Rather than invent a validation framework from scratch I’m going to build on Cats Validation, which defines a Validated[+E, +A]
type with cases Valid[A]
and Invalid[E]
. It needs a bit of scaffolding to define what a validation failure is in our domain, as well as an interface for our domain model to implement. ValidatedNel
is an alias for Validated[NonEmptyList[E], A]
so it can collect multiple validation failures in the Invalid
case.
import cats.data._
abstract class ValidationFailure(val message: String)
type ValidationResult[A] = ValidatedNel[ValidationFailure, A]
trait Validatable[A] {
def validate: ValidationResult[A]
}
Using these definitions we can implement the introspective validation on the order model. I’m not entirely sold on the Cats approach of defining a different validation object for each type of validation failure, but it could help in situations where you want to handle failures differently.
import cats.implicits._
case object ItemsIsEmpty extends ValidationFailure("Items is empty")
case object SkuIsEmpty extends ValidationFailure("SKU is empty")
case object CountIsInvalid extends ValidationFailure("Count must be positive")

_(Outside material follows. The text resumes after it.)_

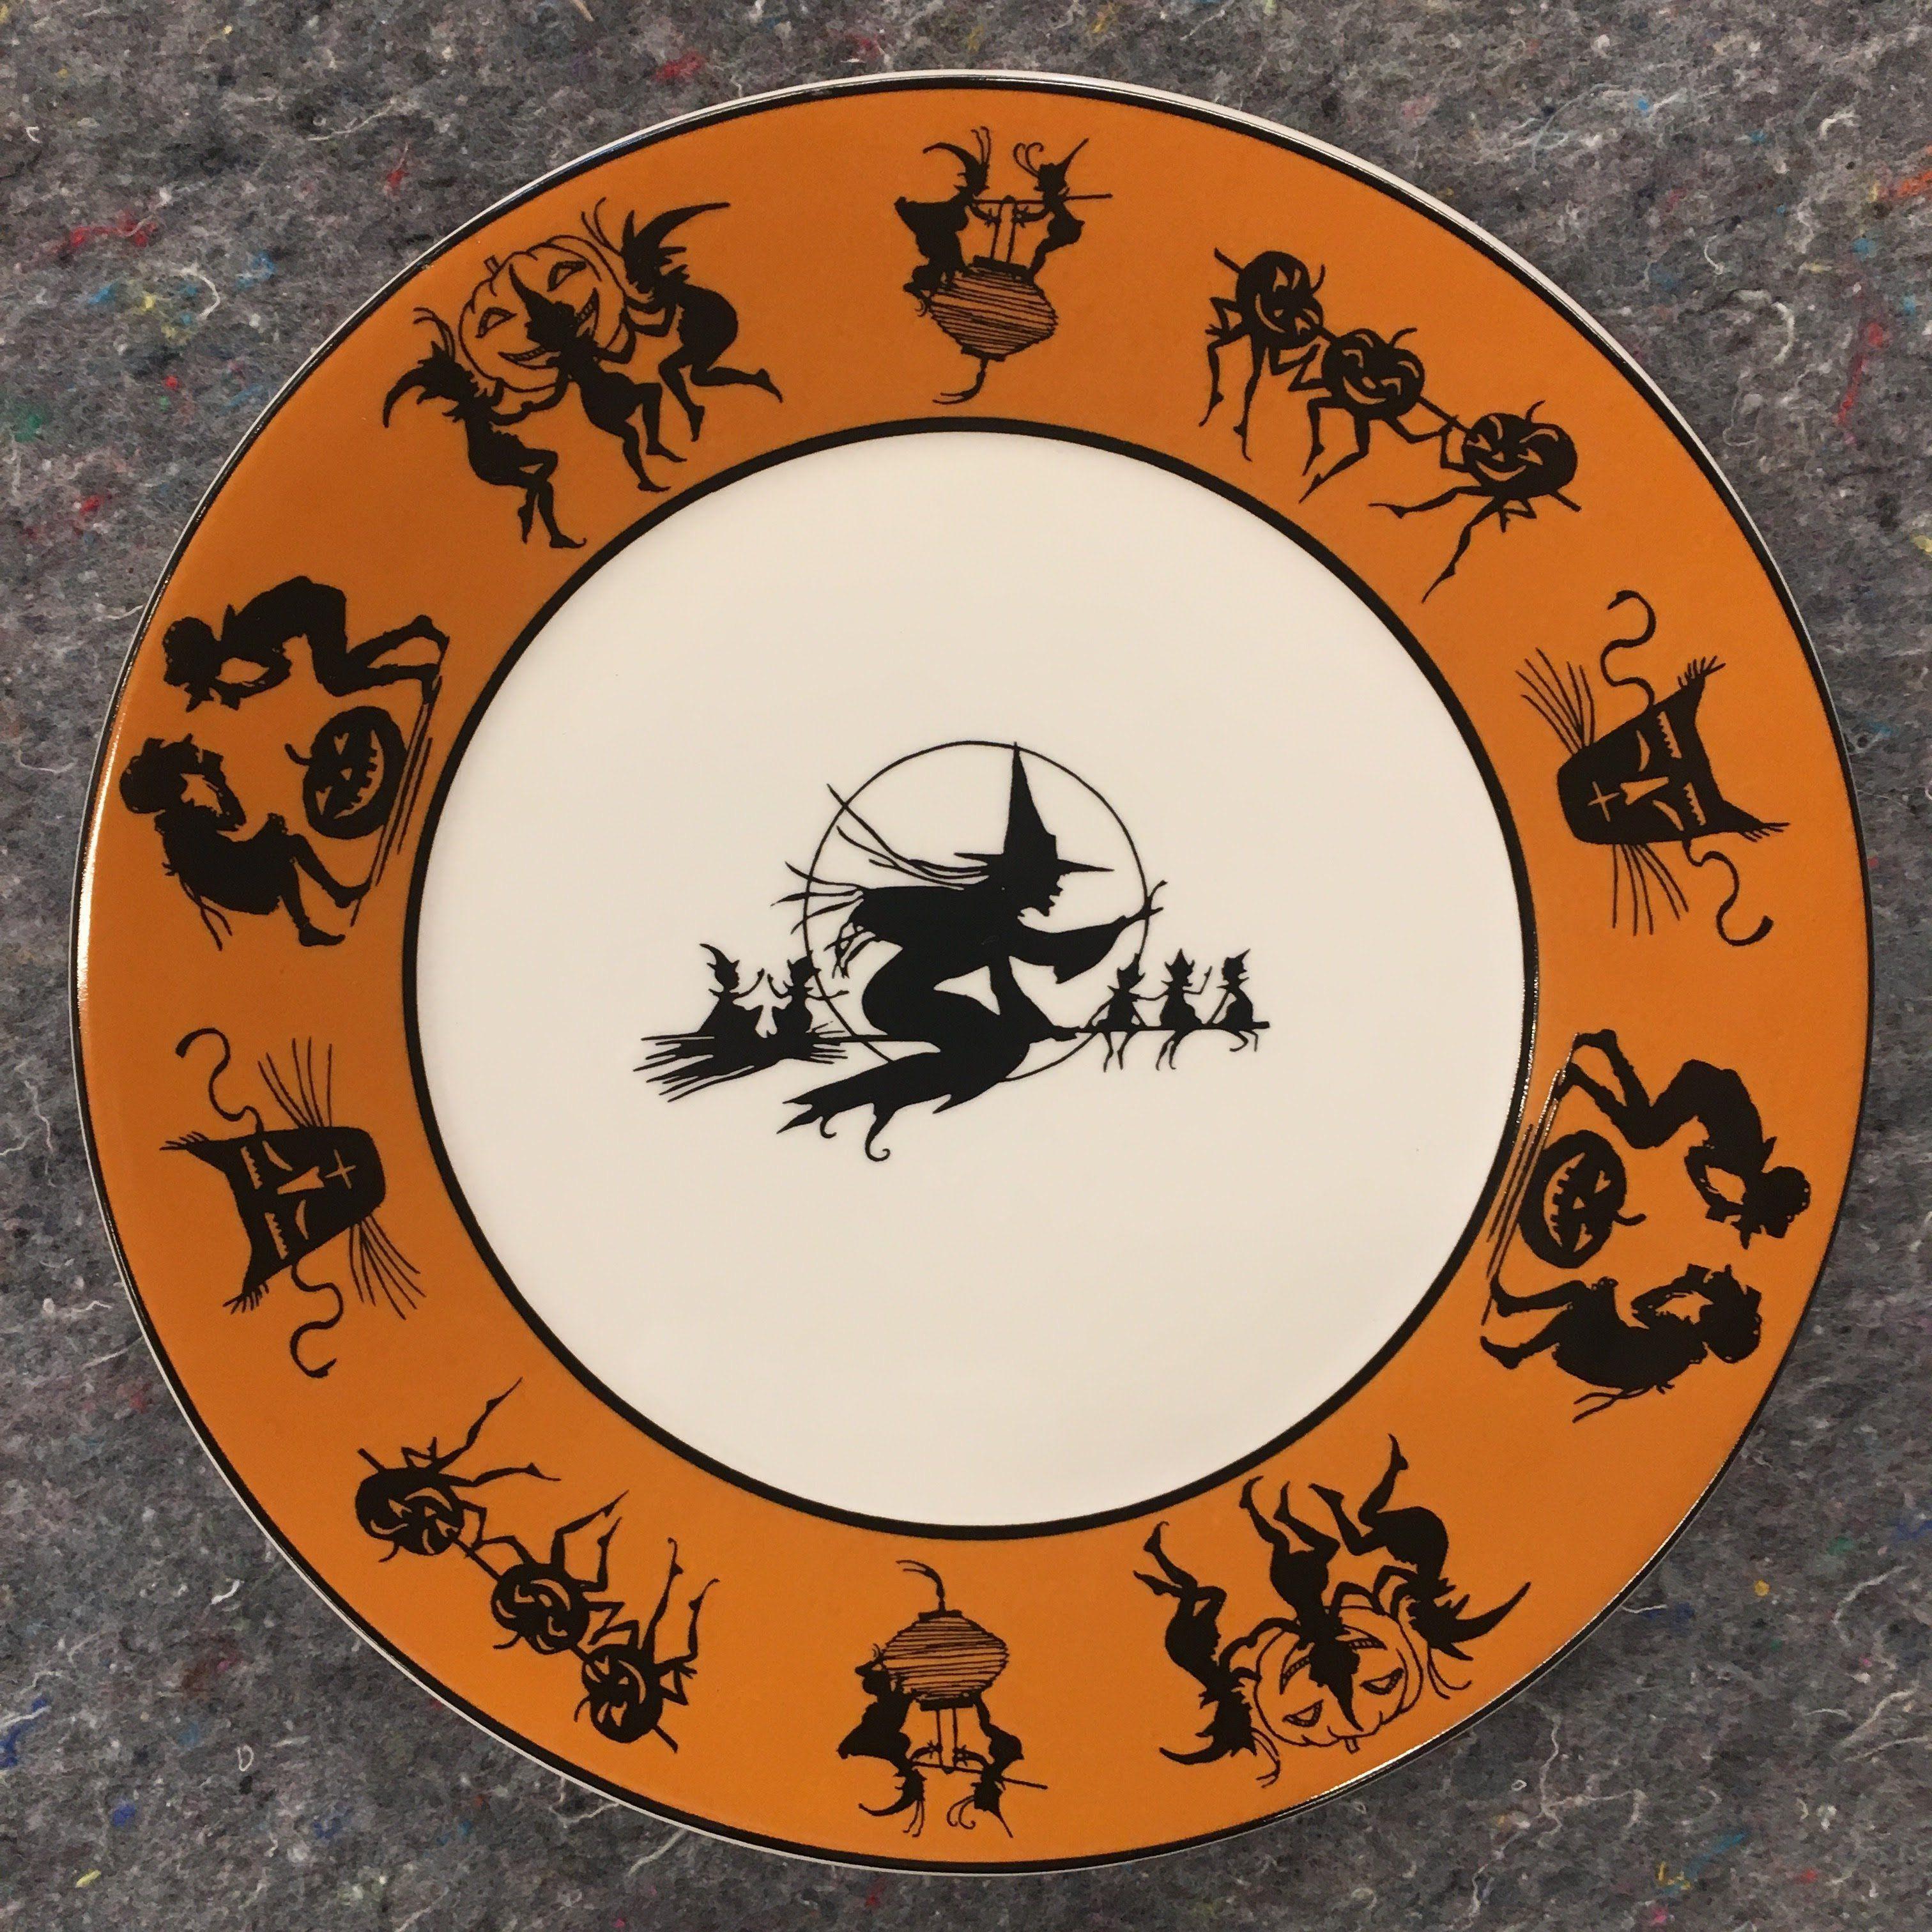 Bruce Elsass Collection Bethany Lowe Hobgoblins Porcelain Dinner Plate Halloween Plates Halloween Dinnerware Vintage Halloween Crafts

case class Item(sku: String, count: Int) extends Validatable[Item] {
def validate: ValidationResult[Item] = (
validateSku,
validateCount
).mapN(Item)
private def validateSku: ValidationResult[String] =
if (sku.nonEmpty) sku.validNel else SkuIsEmpty.invalidNel
private def validateCount: ValidationResult[Int] =
if (count > 0) count.validNel else CountIsInvalid.invalidNel
}
case class Order(items: List[Item]) extends Validatable[Order] {
def validate: ValidationResult[Order] = validateItems.map(Order)
private def validateItems: ValidationResult[List[Item]] =
if (items.nonEmpty) items.traverse(_.validate) else ItemsIsEmpty.invalidNel
}
Integrating this validation into the routes is easy enough, but it adds a lot of noise as well as a couple of levels of indentation, and the boilerplate for handling the Invalid
case is going to be the same everywhere an entity needs to be validated.
class OrderApi extends Directives with OrderJsonSupport {
val route =
post {
entity(as[Order]) { unvalidatedOrder =>
unvalidatedOrder.validate match {
case Valid(order) =>
complete(s"Ordered $order")
case Invalid(failures) =>
reject(ValidationRejection(failures.toList.map(_.message).mkString(", ")))
}
}
}
}
If something is noisy and repeated then it’s a pretty good hint that it could be factored out. We are only interested in valid orders inside the entity
directive, so it makes sense to declare that in the type system:
import cats.data.Validated.Valid
class OrderApi extends Directives with OrderJsonSupport {
val route =
post {
entity(as[Valid[Order]]) { order =>
complete(s"Ordered $order")
}
}
}
Unfortunately if you try and compile this you’ll get an error saying that Akka HTTP doesn’t know how to unmarshal a Valid[Order]
. It needs a new unmarshaller that lifts a regular unmarshaller into the validation context.
import akka.http.scaladsl.unmarshalling.FromRequestUnmarshaller
import cats.data.Validated.{Invalid, Valid}
implicit def validatedEntityUnmarshaller[A <: Validatable[A]](
implicit um: FromRequestUnmarshaller[A]): FromRequestUnmarshaller[Valid[A]] =
um.flatMap { _ => _ => entity =>
entity.validate match {
case v @ Valid(_) =>
Future.successful(v)
case Invalid(failures) =>
val message = failures.toList.map(_.message).mkString(", ")
Future.failed(new IllegalArgumentException(message))
}
}
It matters that the failure is an IllegalArgumentException
as Akka HTTP’s entity
directive interprets that as an invalid value within the payload, as opposed to a malformed payload, so causes a ValidationRejection
rather than a MalformedRequestContentRejection
.
Inside the entity directive you’ll now have a Valid[Order]
instance rather than an Order
instance. You could unwrap it if you want, but I tend to pass it ‘as is’ to service classes so it’s encoded in the type system that you should only pass orders that have been validated.
trait OrderService {
def create(order: Valid[Order]): Future[Order]
}
Akka HTTP is incredibly flexible and there are many different ways you can implement validation, as evidenced by the plethora of blog posts about it. However, by dividing your validation into structural, introspective and state-based you can implement each type in the appropriate place and keep application code clean and testable.